If you have several outputs that all have conditions, like just send some messages to a development system or only alerts to a monitoring system.

logstash_pipelines:
  syslog:
    name: syslog
    source: https://github.com/netways/syslog-logstash-pipeline.git
    exclusive: false
    input:
      - name: default
        key: input
    output:
      - name: special
        key: myspecial
        condition: '[program] == "special"'
      - name: special2
        key: myspecial2
        condition: '[program] == "special2"'
      - name: default
        key: forwarder

This will give you the following configuration:

input {

# default output
  redis {
    host => "localhost"
    data_type => "list"
    key => "input"
  }

}

output {

# special output
if [program] == "special"{
  redis {
    host => "localhost"
    data_type => "list"
    key => "myspecial"
  }
}

# special2 output
if [program] == "special2"{
  redis {
    host => "localhost"
    data_type => "list"
    key => "myspecial2"
  }
}

# default output
  redis {
    host => "localhost"
    data_type => "list"
    key => "forwarder"
  }

}

Note that the default output get's every event, the other two outputs only get those where the condition is met.

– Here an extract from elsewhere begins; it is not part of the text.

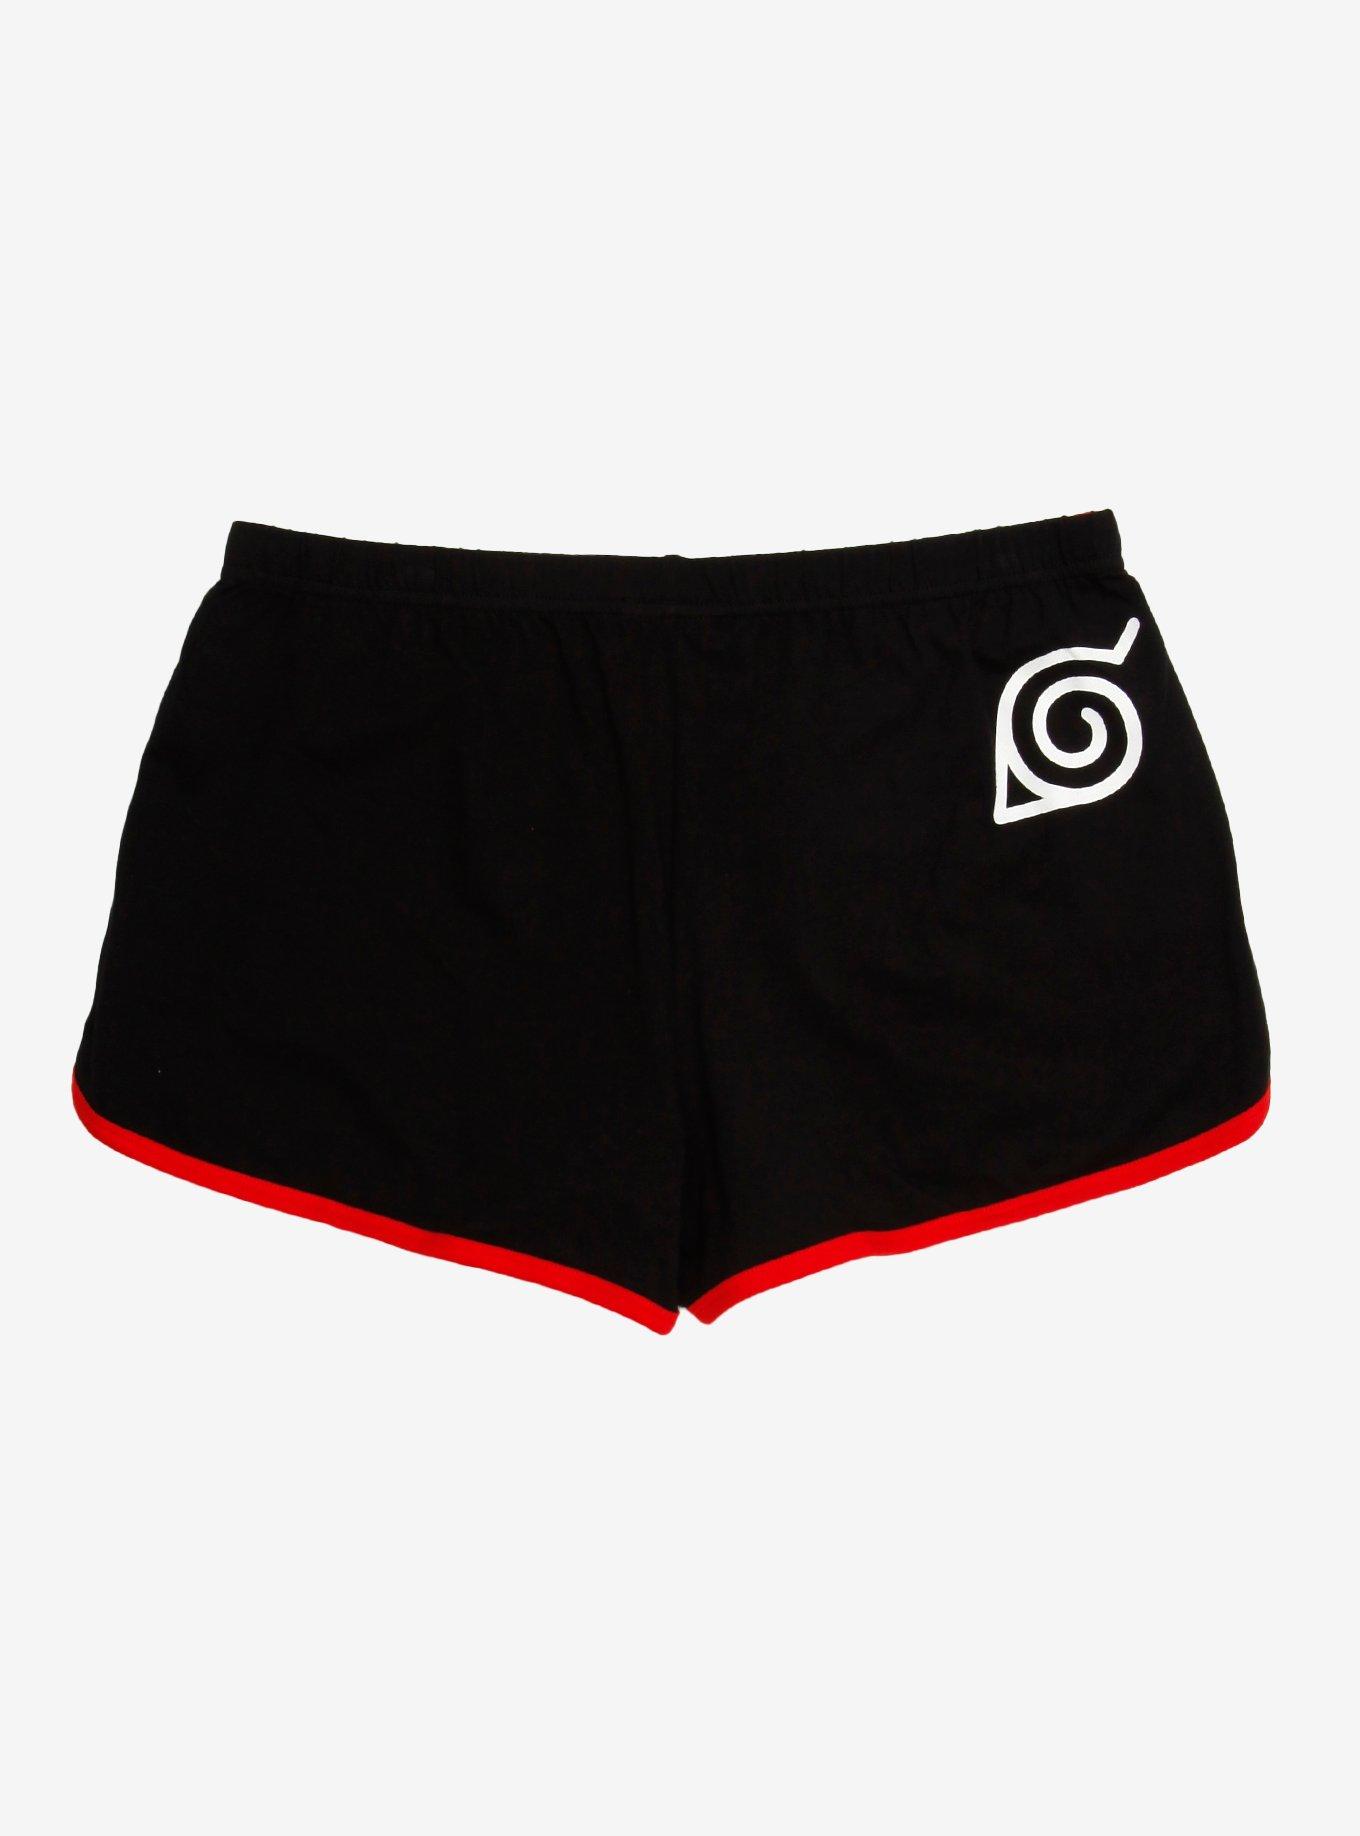 Naruto Shippuden Ichiraku Ramen Girls Soft Shorts, BLACK, alternate

You can combine several outputs with else. That's helpful when you want to split events. Like syslog messages depending on which program logged an event. Just change exclusive to true.

logstash_pipelines:
  syslog:
    name: syslog
    source: https://github.com/netways/syslog-logstash-pipeline.git
    exclusive: true
    input:
      - name: default
        key: input
    output:
      - name: special
        key: myspecial
        condition: '[program] == "special"'
      - name: special2
        key: myspecial2
        condition: '[program] == "special2"'
      - name: default
        key: forwarder

This will give you the following Logstash configuration.

input {

# default output
  redis {
    host => "localhost"
    data_type => "list"
    key => "input"
  }

}

output {

# special output
if [program] == "special" {
  redis {
    host => "localhost"
    data_type => "list"
    key => "myspecial"
  }
}
# special2 output
else if [program] == "special2" {
  redis {
    host => "localhost"
    data_type => "list"
    key => "myspecial2"
  }
}

# default output
else  {
  redis {
    host => "localhost"
    data_type => "list"
    key => "forwarder"
  }

}

}

Here the default output only receives the events that haven't already been sent to one of the others.

Extra configuration

Congestion threshold

Every Output can have a congestion: option with a numerical value. If the Redis key already holds more items than the value says, the output will stop.

Unsafe shutdown

If you need unsafe Logstash shutdowns, e.g. for testing, you can set logstash_pipeline_unsafe_shutdown to true. The variable doesn't have a default so Logstash falls back to its internal default of false.

Caveats

There are still some minor issues you need to keep in mind:

  • The default output in an exclusive: true setup must be the last in the YAML configuration. There's no sorting, the role simply expects the default to be the last one.
  • The configuration should work but will make no sense if you have exclusive: true but two or more outputs without condition.

Custom pipelines

If you have other ways of putting pipeline code into the correct directories, you can just skip the source option.

logstash_pipelines:
  syslog:
    name: syslog

You have to make sure the code is available or Logstash will constantly log errors!

This will create the directories and integrate all *.conf files within via pipelines.yml.

**If you add a source later, the role will delete the directory and recreate it with it's own code. So make sure you have a backup!"